Approved in months, not years
Speed is the other half of the sales pitch, and it is the part regulators tend to notice. Walder says a swarm plant like this can clear approval in roughly three to six months. A conventional hydropower project, by comparison, can take something like seven years to get a new build or a major upgrade signed off. Installation runs fast too. The company says a crew can drop ten units into a river in about three days.
Sankt Goar is not the company’s first time in the water. A smaller Energyfish setup already runs on the Lech river in Bavaria, which is part of why Co-CEO Richard Eckl, in remarks reported by Munich Startup, calls the Rhine project the company’s “proof of scale.” The Bavaria install showed the hardware works. Sankt Goar is the bet that you can string a lot of it together, get it permitted, and feed the result into the grid.

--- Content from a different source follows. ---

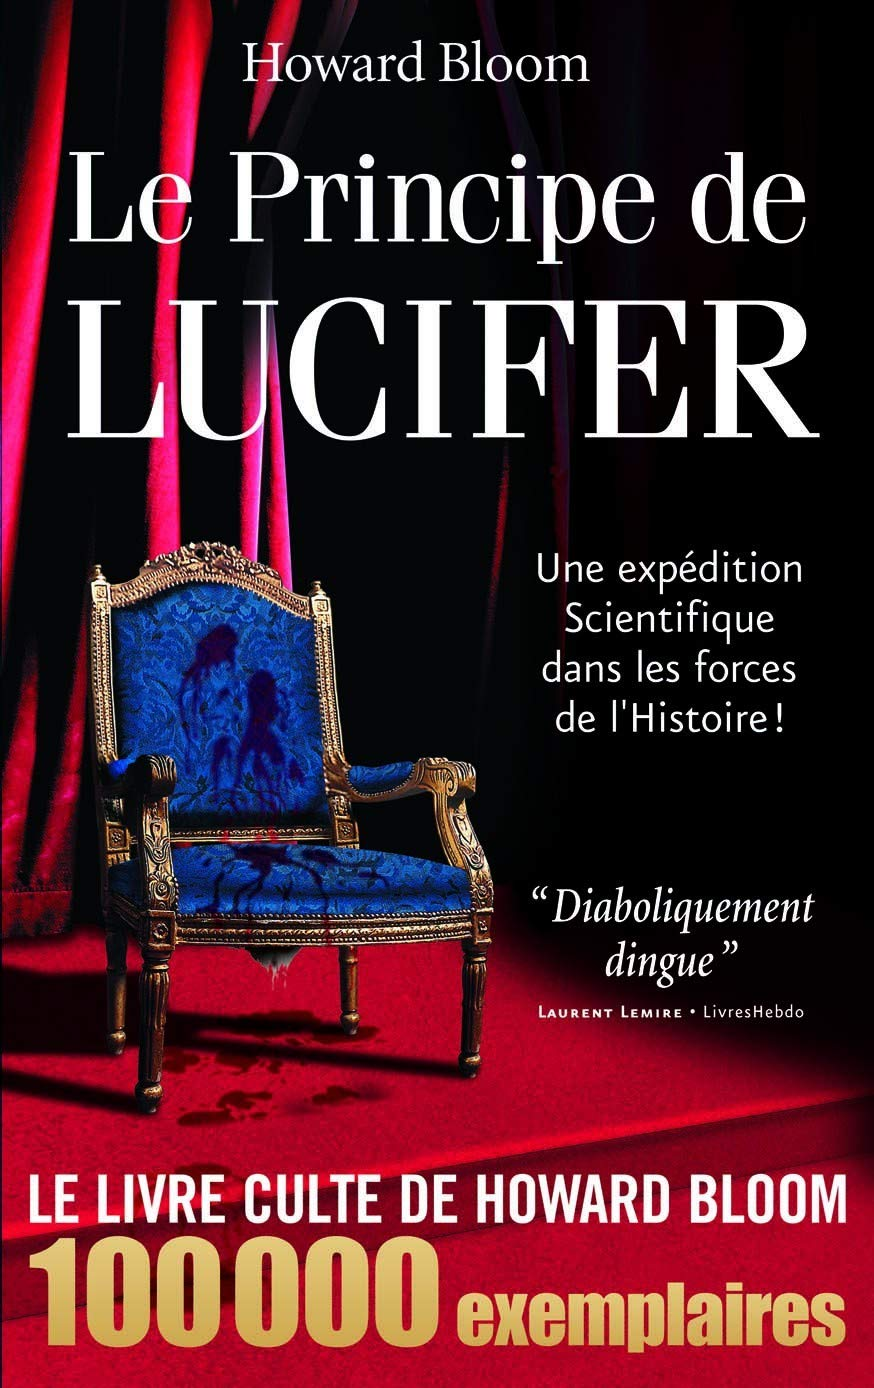 Principe de Lucifer (tome 1) (Comportement humain): HOWARD

None of this remakes a national grid by itself. The ministry that approved the plant is careful to say so, and so is the company. A single turbine covers a few homes, the full swarm a few hundred, and rivers deep and fast enough to make the math work are not exactly everywhere. Officials have said more of these should follow only where the conditions actually fit. But the gap that solar and wind leave behind every night and every calm afternoon is real, and a machine that keeps spinning in the dark, underwater, where nobody can see it, is at least a strange and interesting way to start filling it.